【今日の1曲】David Bowie – Little Wonder (1997)

短期集中David Bowie(デヴィッド・ボウイ 1947 – 2016年)特集。

昨日は番外編ということでB’z の楽曲を取り上げましたが、本日は本編に戻りまして、1997年にリリースされた通算20枚目のアルバム『Earthling(アースリング)』より、冒頭に収録された「Little Wonder(リトル・ワンダー)」をご紹介します。

Little Wonder
David Bowie – Little Wonder

この楽曲、ちょっと妙な感じの結構印象に残るPVがあったのですが、オフィシャルでは何故か公開されていないみたいです。

視覚的なところから言うと、まずジャケット。
ユニオンジャックモチーフの衣装は、今は亡きイギリスのファッションデザイナーAlexander McQUEEN(アレキサンダー・マックイーン)が手掛けたもの。

David Bowieはご存知の通りイギリス生まれの人ではありますが、1992年(でしたっけ?)以降は拠点をアメリカのNYに置いており、音楽的にも前作にあたる1995年の『1.Outside(アウトサイド)』とかはモロに当時の重くて暗いアメリカの音。

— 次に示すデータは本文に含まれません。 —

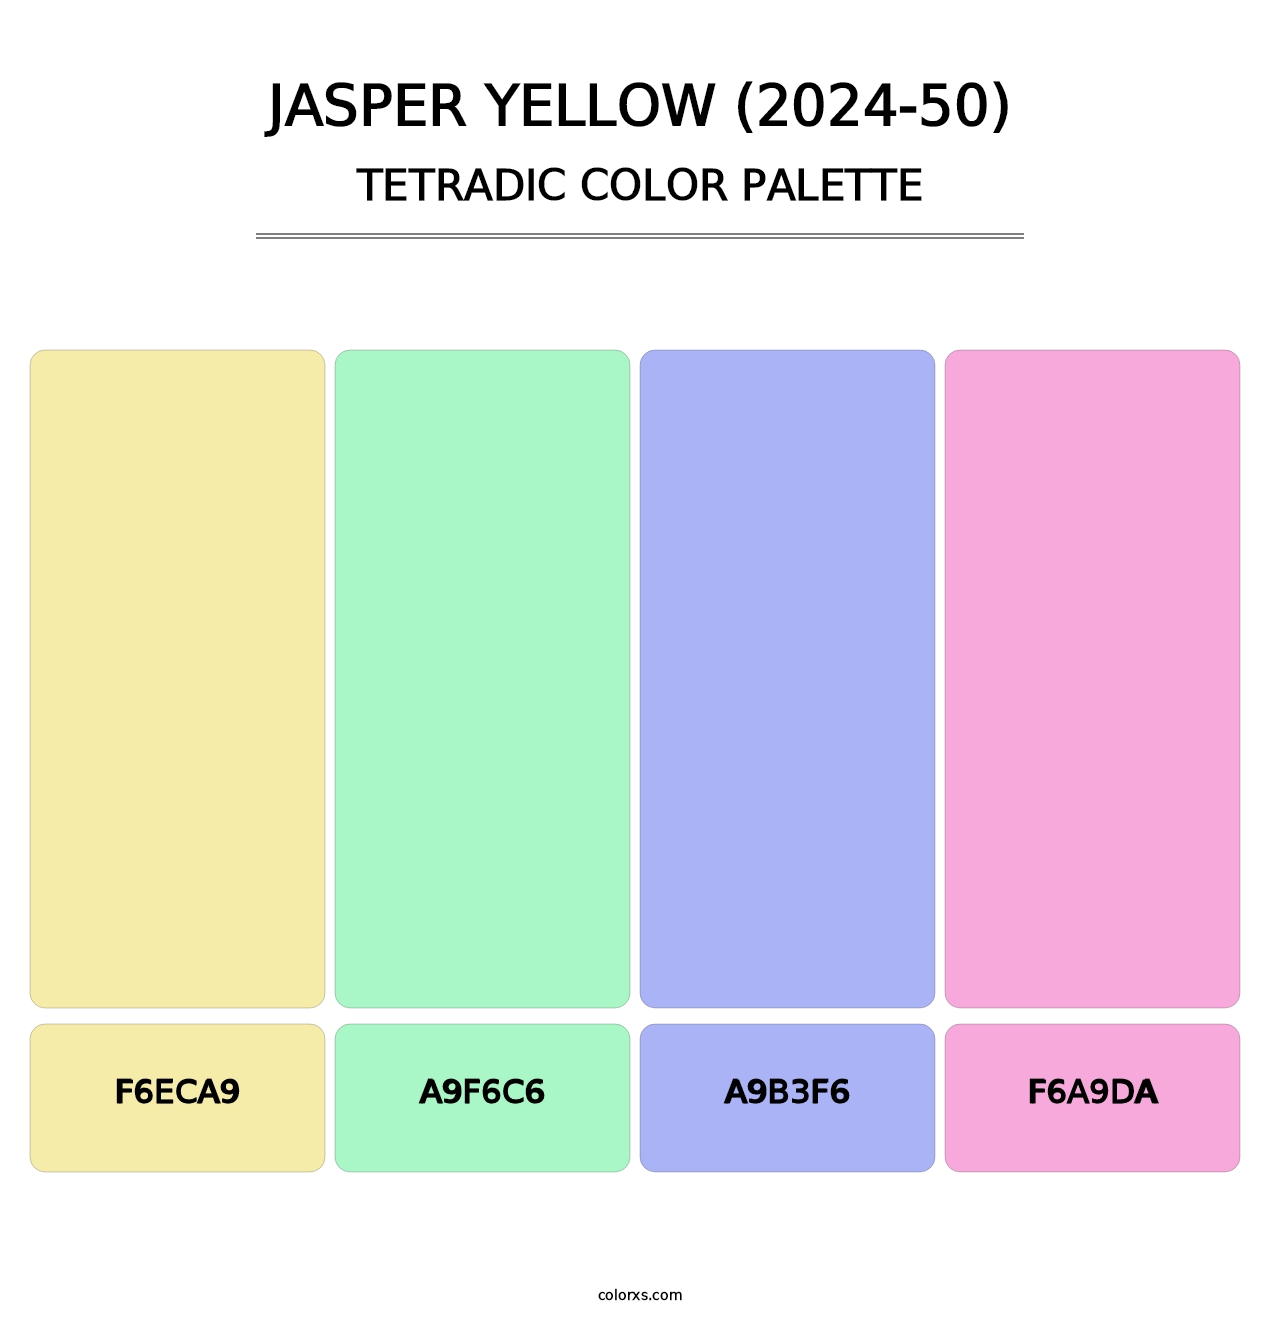 Jasper Yellow (2024-50) - Tetradic Color Palette

という感じが濃厚でした。

で、前々回も書いた通り、5部作の第1弾として発表された『1.Outside』の次に出たのは、第2弾でも何でもなく、ジャケットからして趣を異にしたこれ。

音の方も結構な振れ幅で、前作で強い影響を受けたことが伺えたアメリカのユニット(バンド?)Nine Inch Nails(ナイン・インチ・ネイルズ、以下NIN)に通じる要素はあるものの、NINの音楽性の中でも重さや暗さではなくてアッパーな部分、それプラスこの「Little Wonder(リトル・ワンダー)」に関しては、当時流行していたイギリスのテクノ/エレクトロバンドのThe Prodigy(ザ・プロディジー)の要素だったり、全体的にイギリスのテクノ/エレクトロ寄りの楽曲が多いアルバムです。

このダンチャカチャカチャン♪と鳴っているリズムパターンは、ジャングルまたはジャングルが進化したドラムンベースと呼ばれるもので、こちらもイギリス発祥のもの。

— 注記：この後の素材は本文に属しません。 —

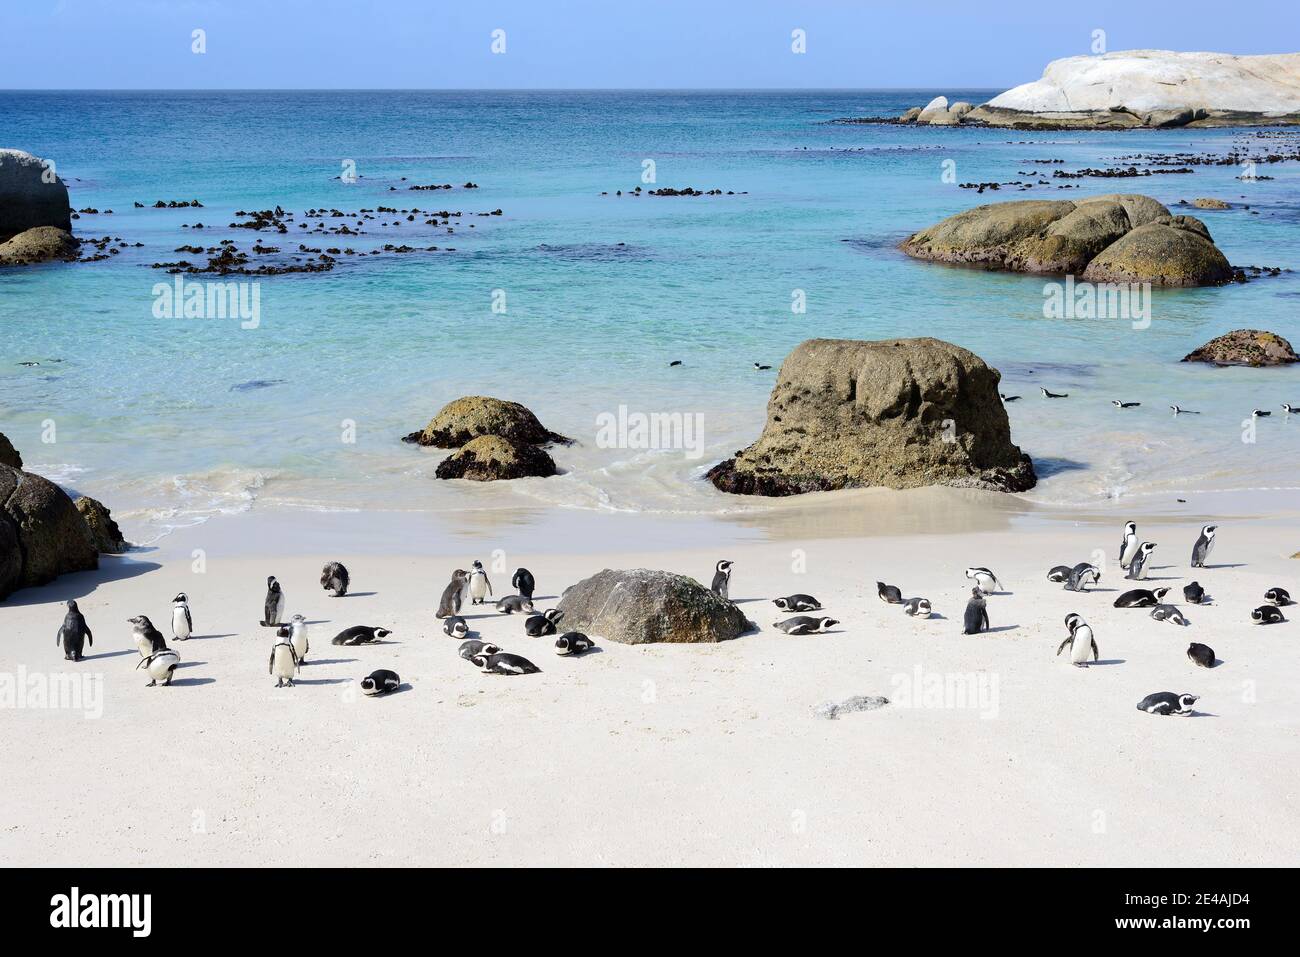 Kolonie afrikanischer Pinguine (Spheniscus demersus) am Strand, Boulders Beach oder Boulders Bay, Simons Town, Südafrika, Indischer Ozean Stockfoto

余談ながら日本で有名なジャングル(ドラムンベース)楽曲と言えば、小室哲哉がダウンタウンの浜田雅功と組んだH Jungle with t(エイチ ジャングル ウィズ ティー)の「WOW WAR TONIGHT 〜時には起こせよムーヴメント」がダントツでしょう。これ別に書くまでもないと思っていましたが改めて確認すると1995年の話なので、今年成人の人とか生まれる5年前だったりするのか…。
という事で一応記しておきます。これは紛うことなき名曲です。

David Bowieの話に戻りまして、上述の通り今作は全体的にジャングル(ドラムンベース)だったり四つ打ちだったりエレクトロミュージック比率が非常に高いアルバムになっているわけですが、これ当時の反応ってそこまで良くなかった印象があるんですよね。なんか思いっきり流行り物に手を出した。みたいな。

別に今回に限らず、今までもそんな感じで変容しながらキャリアを重ねて来た人なので、今更感はあるのですが、ジャングル(ドラムンベース)ってパーツ丸ごと取り入れた感がどうしても強いからか、それまでの漠然とソウルミュージックだったり漠然とクラウトロックだったり漠然と80年代のど真ん中だったり漠然とUSオルタナだったりと比べて、今回は記号性が強過ぎたのかも知れません。

とは言え、全編ジャングル(ドラムンベース)一辺倒な訳でもなく、四つ打ちも含めてバランス良く配置されているので、通しで聴くと構成の妙に感心させられます。

聴くと良い曲多いんですよね。
ただDavid Bowieの歌とこのサウンドの相性って今だによく分からない。
合っていないとは思わないけれど、かと言って合っている感じもさほどしないという…。

あと、最後にタイトルについて少し述べると、今までちょいちょい宇宙をテーマにしてきて、代表作の『The Rise and Fall of Ziggy Stardust and the Spiders from Mars(邦題:ジギー・スターダスト)』では「異星から来たロックスター」を演じた人が、ここに来て『Earthling(地球人、人間)』と掲げたのは興味深いところ。
でも音は全然土着的なものとか大陸的とか自然とかが安易に連想されるようなものではなく、未来的なテクノ系だったという。

結局総じてなんだかストンと落ちないアルバムなんです。

個人的には「問題作」と呼ばれる前作『1.Outside』よりもこの『Earthling』の方がよほど「問題作」のような気がします。